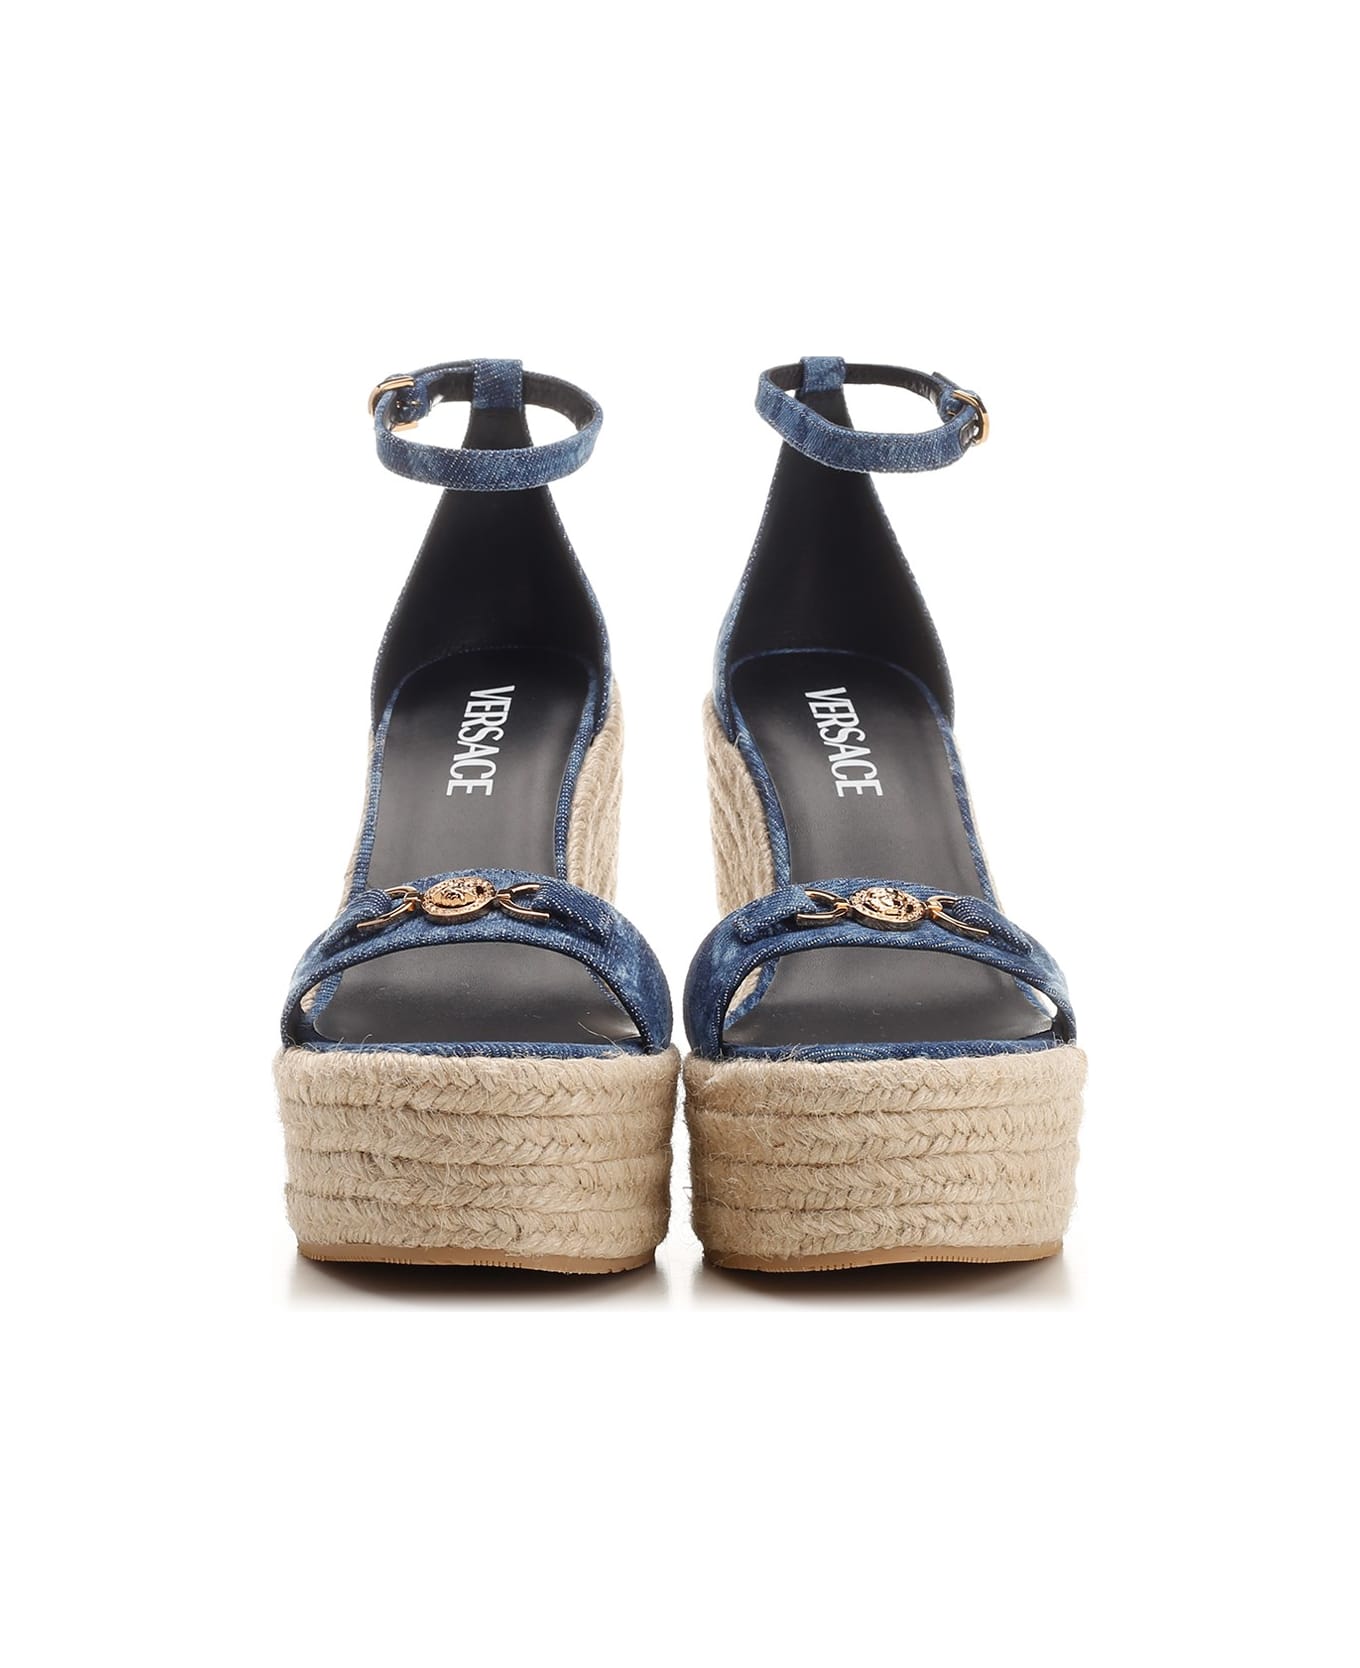 Versace Straw Wedge Sandals - BlueGold サンダル
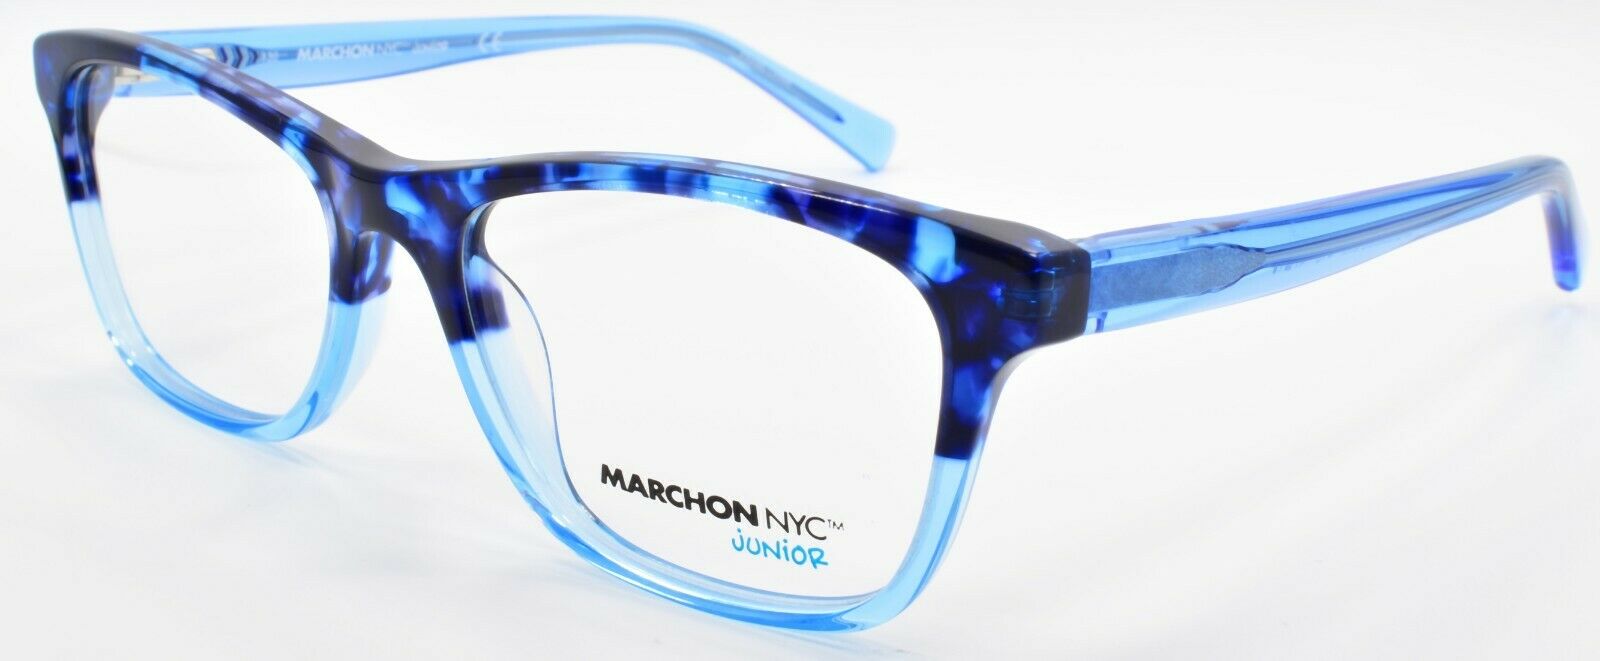 1-Marchon M-Brookfield Mini 415 Kids Girls Eyeglasses 47-15-130 Blue Tortoise-886895470605-IKSpecs
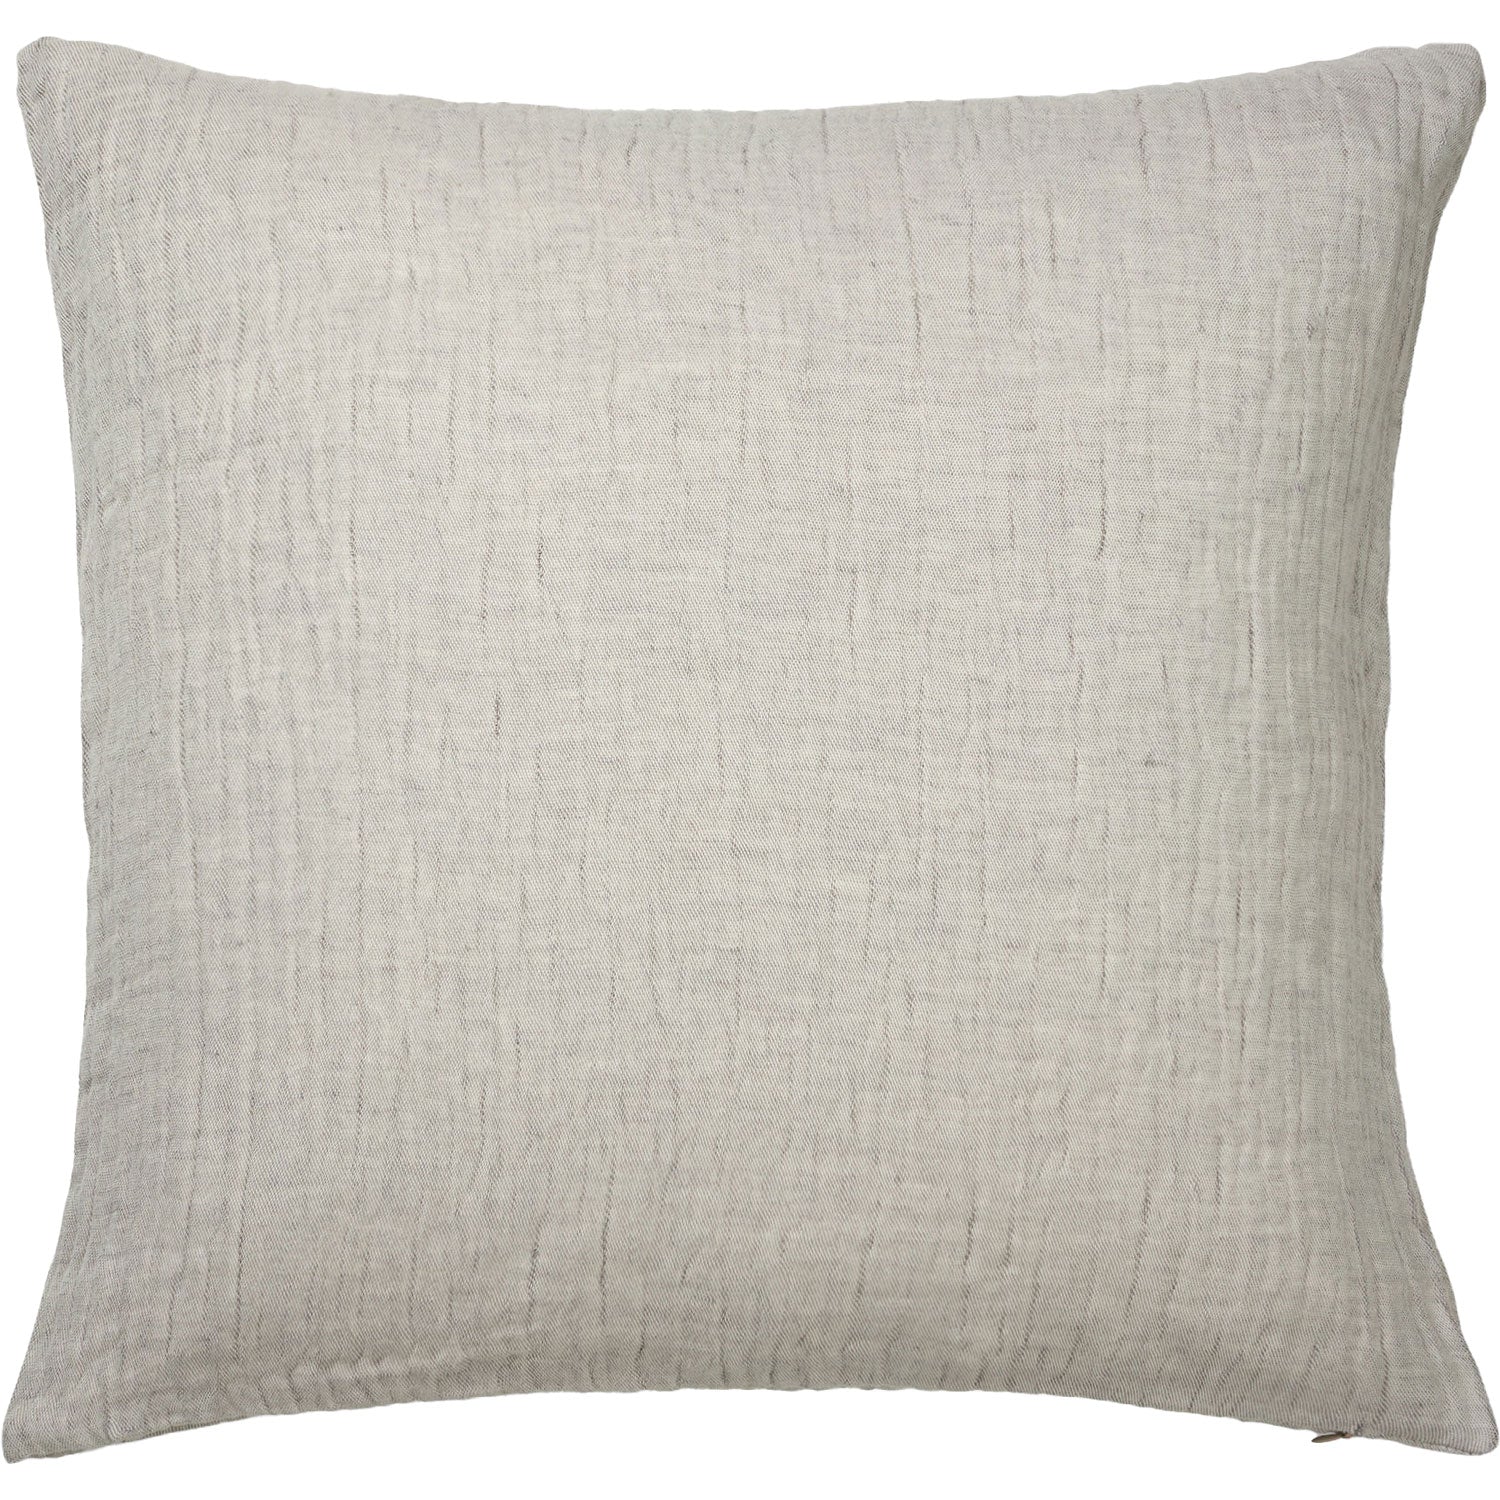 Lavender Pillow Cover, Elvang, Fairtrade & Natural

* **Activity**:
A faithful transcription of the material, with no pictures, is the expected result.

* **Task output**:
 Versace Straw Wedge Sandals - BlueGold サンダル
 1-Marchon M-Brookfield Mini 415 Kids Girls Eyeglasses 47-15-130 Blue Tortoise-886895470605-IKSpecs
 Lavender Pillow Cover, Elvang, Fairtrade & Natural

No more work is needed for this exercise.